If used sensibly XML isn't too bad. But there's a whole lot of cruft in the standard that seems to do nothing except make it harder to use. Part of this is a problem with popular libraries rather than inherent to the format, but we judge a thing by its ecosystem rather than in isolation. So: namespaces are a pain, making it much harder than it should be to just make my xpath work. DTDs are annoying, especially when a production system breaks because a remote server that was hosting a DTD goes down so now your parser refuses to load a file. User-defined entities seem pointless, and though most parsers can handle the billion laughs these days it wasn't always so. The handling of text nodes is confusing; whitespace is irrelevant except when it isn't. Specifying the encoding inside the document itself seems wrong, and supporting multiple encodings at all causes trouble (e.g. sometimes it's simply impossible to include one document in another inline).
Is XML schema really so much better than e.g. JSON schema?
To me it feels like there's an impedance mismatch between the kind of structures XML lends itself to and the kind of structures programs are good at dealing with. So for program-to-program communications with a certain level of validation I find Protocol Buffers is a much better fit. Conversely in cases where human readability is really important, XML isn't good enough compared to JSON.
> So: namespaces are a pain, making it much harder than it should be to just make my xpath work.
Namespaces exist to solve a real-world problem that happens in real-world use cases (SVG embedded in HTML, HTML embedded in RSS). While it would be nice to look at things that are complex and say "it would be less complex for these trivial cases without this feature", in reality there are then common use cases that become more complex or even impossible in the general case, which seems like a very short-sighted benefit. Namespace prefixes are really not that difficult to configure, and once configured XPath makes them very easy to use :/.
The biggest caveat with namespaces is that most people have never bothered figuring out how they work. The number of applications I've seen that have hardcoded namespace names instead of looking up the namespace uri for example, is horrifying.
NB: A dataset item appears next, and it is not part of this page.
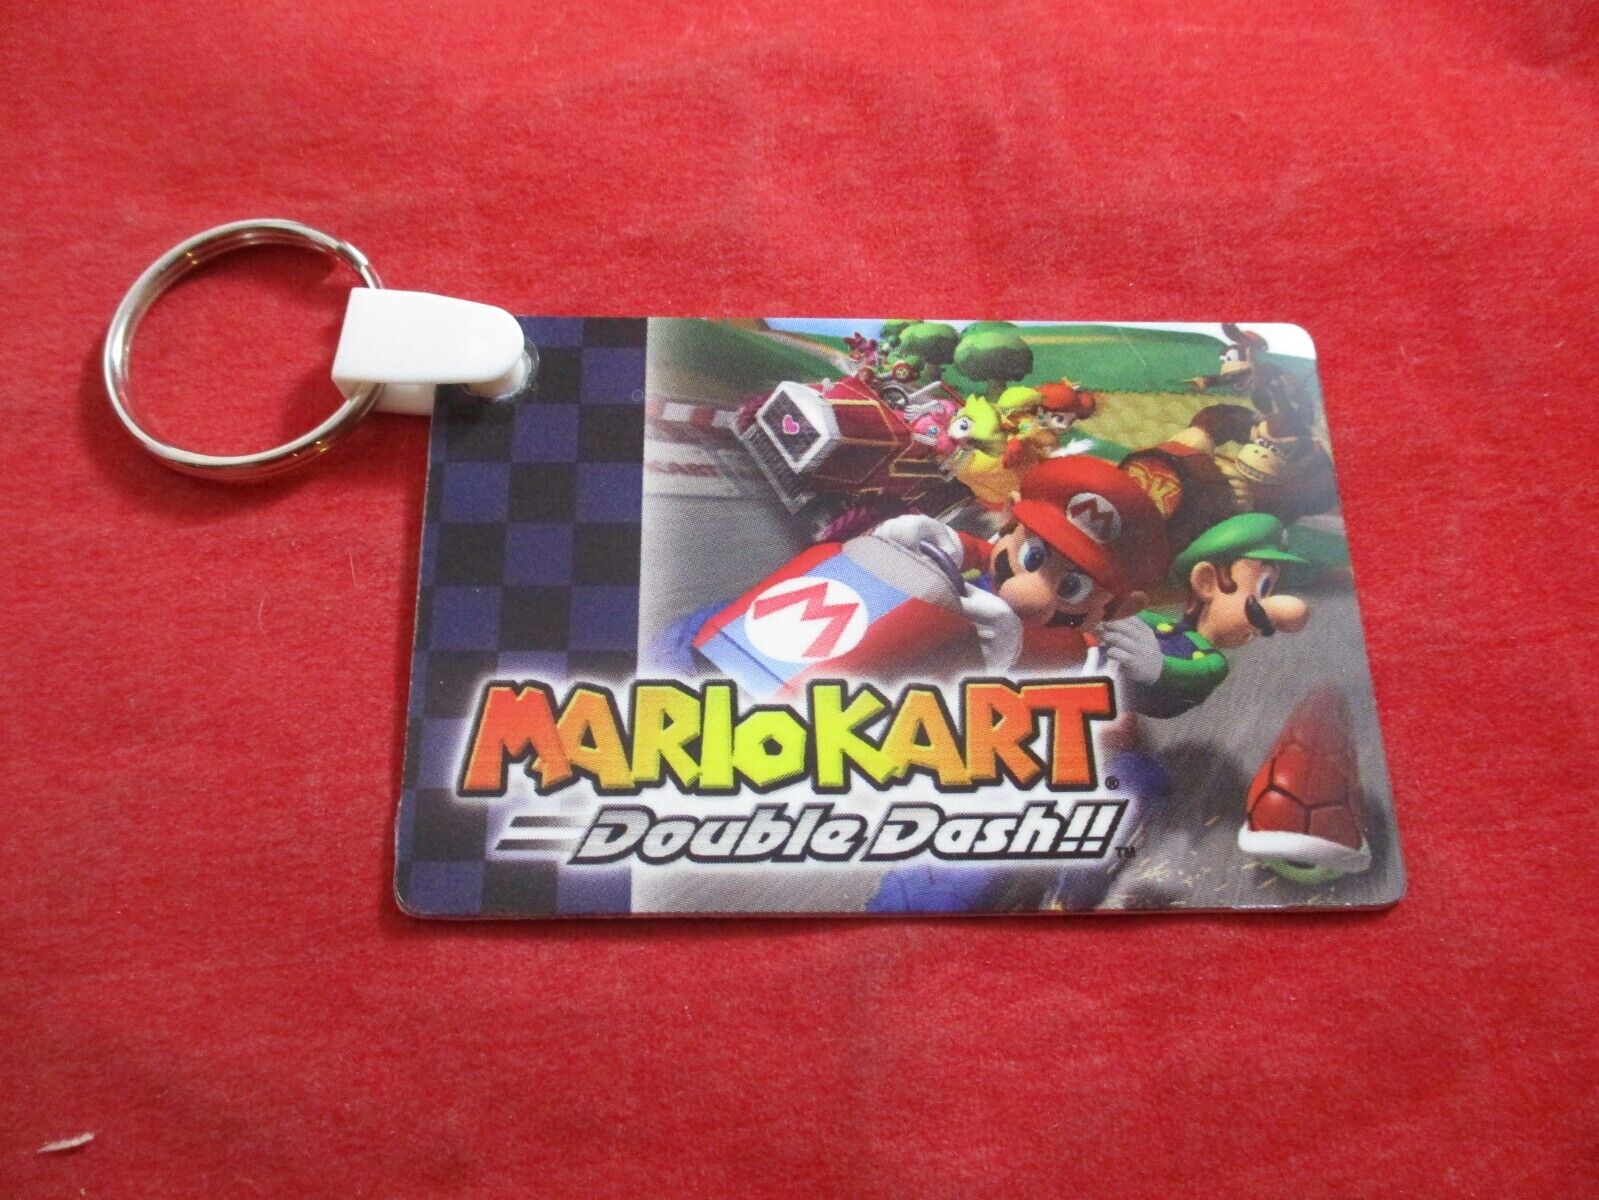 Mario Kart Double Dash Nintendo Gamecube Plastic Game Tip #1 2003 Promo Keychain

Namespace prefixes are not that difficult to configure once you know about them. But if you're just starting with XML, probably because you need to extract some information from a document you've been sent, you don't want to learn the theory of XML, you want to get the data you need out and get on with adding business value. So you find a tutorial, you write an xpath, and it doesn't work. You try removing the foo: prefixes in your xpath, and it still doesn't work. This is not the experience that a technology should give new users. A default of matching ignoring namespaces would not make anything impossible.
Indeed. XML gets a lot of hate because it's so difficult to use. It would be fine if you could use it without having to care about the 100 features you don't care about and just use the ones you need, but pretty much every library I've seen makes parsing (or generating) a document a huge and complicated task, and most of it is completely irrelevant to the problem I'm trying to solve.
And because of this almost no-one bothers to actually handle it properly so you often can't actually use the advanced features even if you wanted to.
This varies greatly from framework to framework, and language to language. On the JVM at least, the dark machinery that handles the XML is rather rigorously correct. Parsing and generation are trivial, especially using JAXP. You have multiple ways of working with XML (objects, DOM, push, pull).
XML is "good enough" for a lot of cases. There are lots of tools to mess around with it too, which is really quite valuable when you're experimenting with various kinds of data or you're debugging. Being able to extract out stuff you're interested in XML format means you can perform a lot of complex manipulations quite easily.
Is XML schema really so much better than e.g. JSON schema?
To me it feels like there's an impedance mismatch between the kind of structures XML lends itself to and the kind of structures programs are good at dealing with. So for program-to-program communications with a certain level of validation I find Protocol Buffers is a much better fit. Conversely in cases where human readability is really important, XML isn't good enough compared to JSON.